Failures when installing services with Ambari

Should an install fail, it will be reported through the ambari web interface. From there you can find the stdout and stderr which occurs during the failure. The following common problems may occur for you:

  1. No internet access, wget times out or yum reports no mirrors found. Solution, temporarily give your nodes internet access.
  2. Package conflicts during yum install. If you do not have a blank centos image, for example, if you already have some other version of nagios or ganglia or perl installed, then the installation may fail with errors talking about inconsistent packages. You must take a more flavorless image to start off with, or try uninstalling/yum eraseing components, but this can be dangerous. Discuss with a qualified linux sys admin.

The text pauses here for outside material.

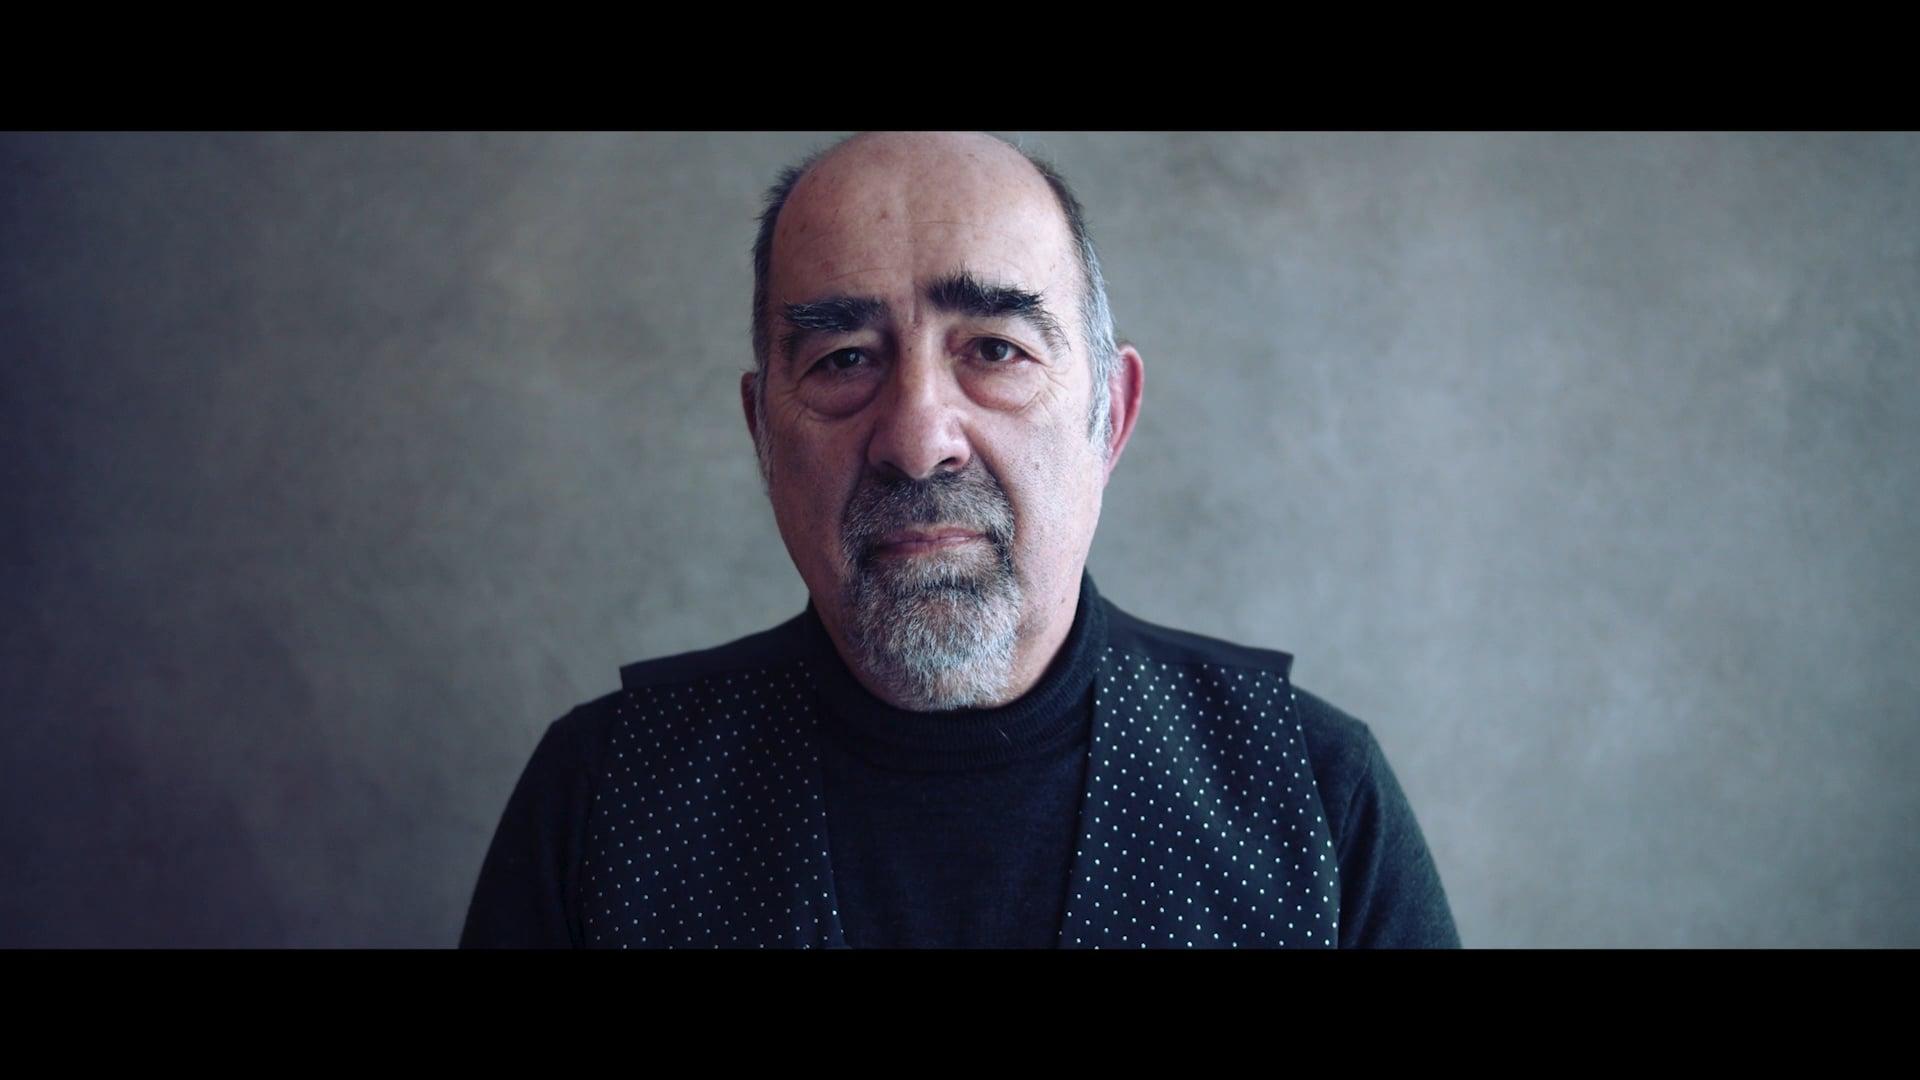 A Portrait of a Photographer   Teaser

Users defined by FreeIPA disappeared!

If IPTables and selinux are still running on restart, then there is a conflict with giving control of users to FreeIPA. The symptom is that no FreeIPA users exist on the system any longer after a reboot.

To fix this, you need to first:

  • change selinux rules/iptables rules or permanently disable both
  • do a complicated re-installation of the FreeIPA client. It is not a simple thing to do and is described below.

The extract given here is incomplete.